RSF calls for investigation into French video reporter’s death in eastern Ukraine
Reporters Without Borders (RSF) urges the Ukrainian and French authorities to conduct a thorough investigation into a French video reporter’s death in a hail of Russian rocket fire in eastern Ukraine yesterday (9 May), and pays tribute to the courage he displayed in the course of covering the Kremlin’s war in Ukraine.
Arman Soldin, who worked for the Agence France-Presse (AFP) news agency, was the third French journalist to be killed since Russia launched its invasion of Ukraine on 24 February 2022.
He was killed by Russian Grad rocket fire near the city of Bakhmut, the scene of heavy fighting since August. None of the four other AFP journalists with him at the time was injured. They were accompanying Ukrainian solders in Chasiv Yar, a town near Bakhmut, in an area that has been subjected to repeated bombardment.
“We pay tribute to the courage of Arman Soldin, who lost his life informing the world. At least ten journalists have been killed since the start of this war, a grim toll for their loved-ones and, more broadly for press freedom. In all cases where RSF has been able to establish the facts, the deadly fire has come from Russian forces. We call on the Ukrainian and French authorities to conduct a transparent and thorough investigation into the circumstances of this AFP reporter’s death, so that those responsible can be brought to justice.
Aged 32, Soldin was very committed to his reporting and had been covering the fighting and life at the front line ever since arriving in Ukraine shortly after the start of the war.
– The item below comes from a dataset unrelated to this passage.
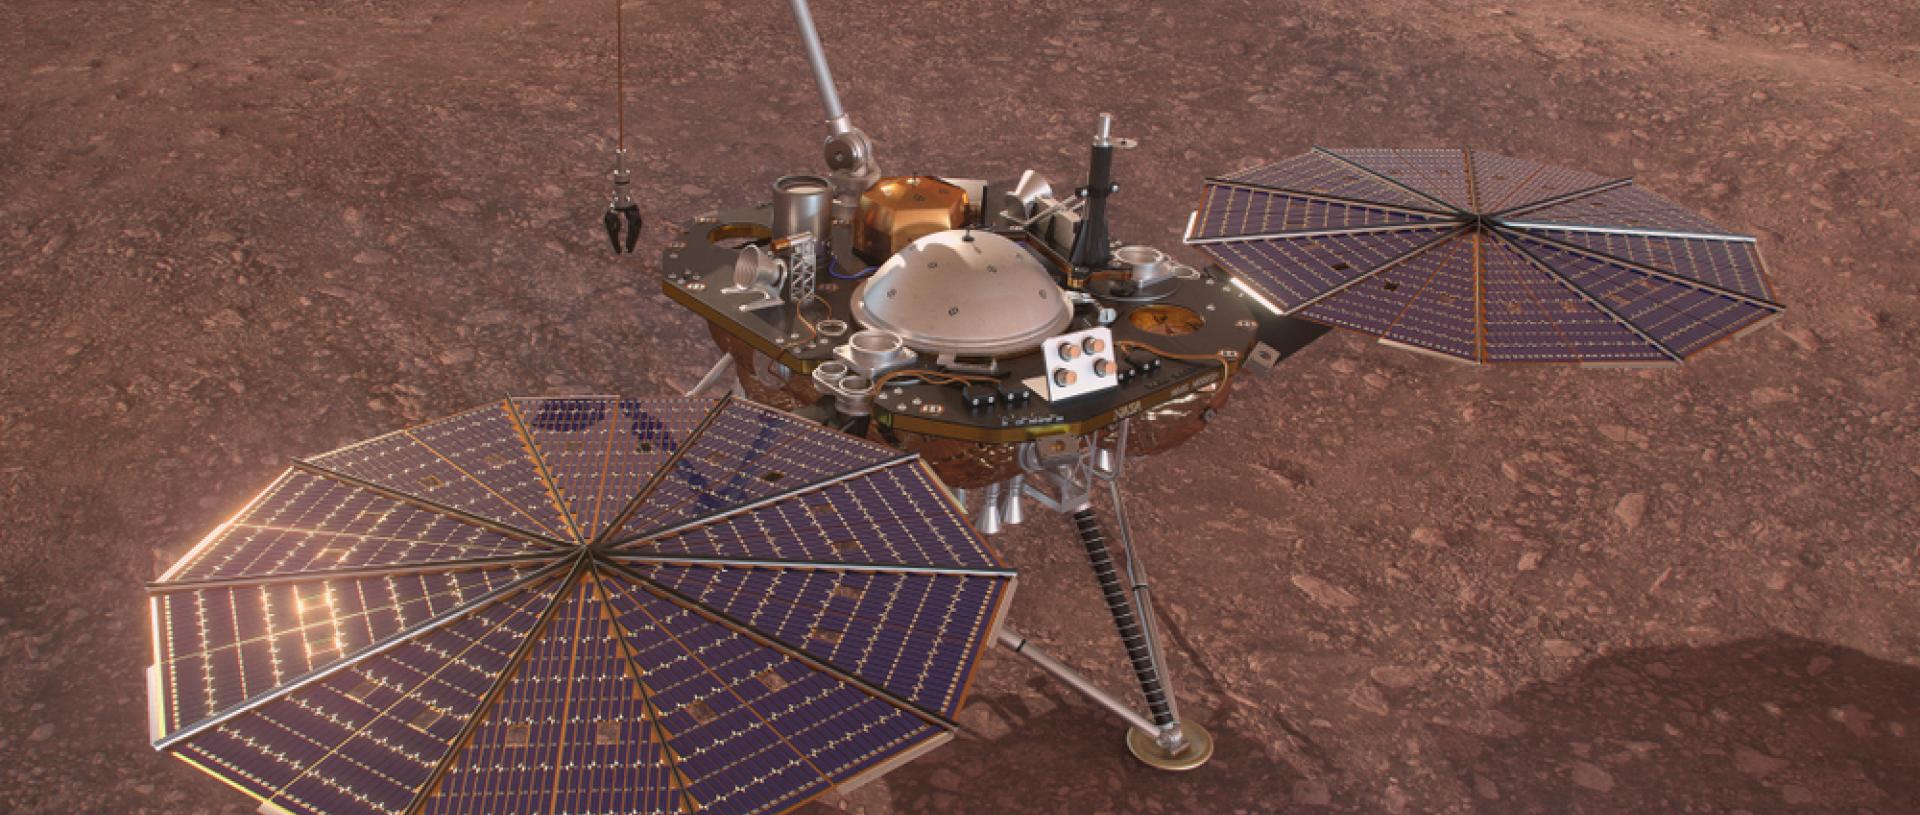 NASA - InSight: Μετρήθηκε για πρώτη φορά ο πυρήνας του Άρη, βρέθηκε απρόσμενα μεγάλος

Because of his Bosnian origin, the fate of the Ukrainians he interviewed resonated with his own personal history. He also displayed an exceptional curiosity and sensitivity, to the point of rescuing and caring for an injured hedgehog he recently found in Chasiv Yar.
Eight journalists were killed in the field in the first six months of the war, including two French video reporters, BFM TV’s Frédéric Leclerc-Imhoff and Pierre Zakrzewski, who worked for Fox News. After a recent increase in the intensity of the fighting, Soldin was the second journalist to be killed in the past two weeks, following Bohdan Bitik, a Ukrainian reporter and fixer killed by Russian sniper fire on 26 April.
Some 15,000 Ukrainian and foreign reporters were accredited to cover the war in Ukraine prior to the new procedure that took effect on 1 May, under which accreditation is now limited to six months.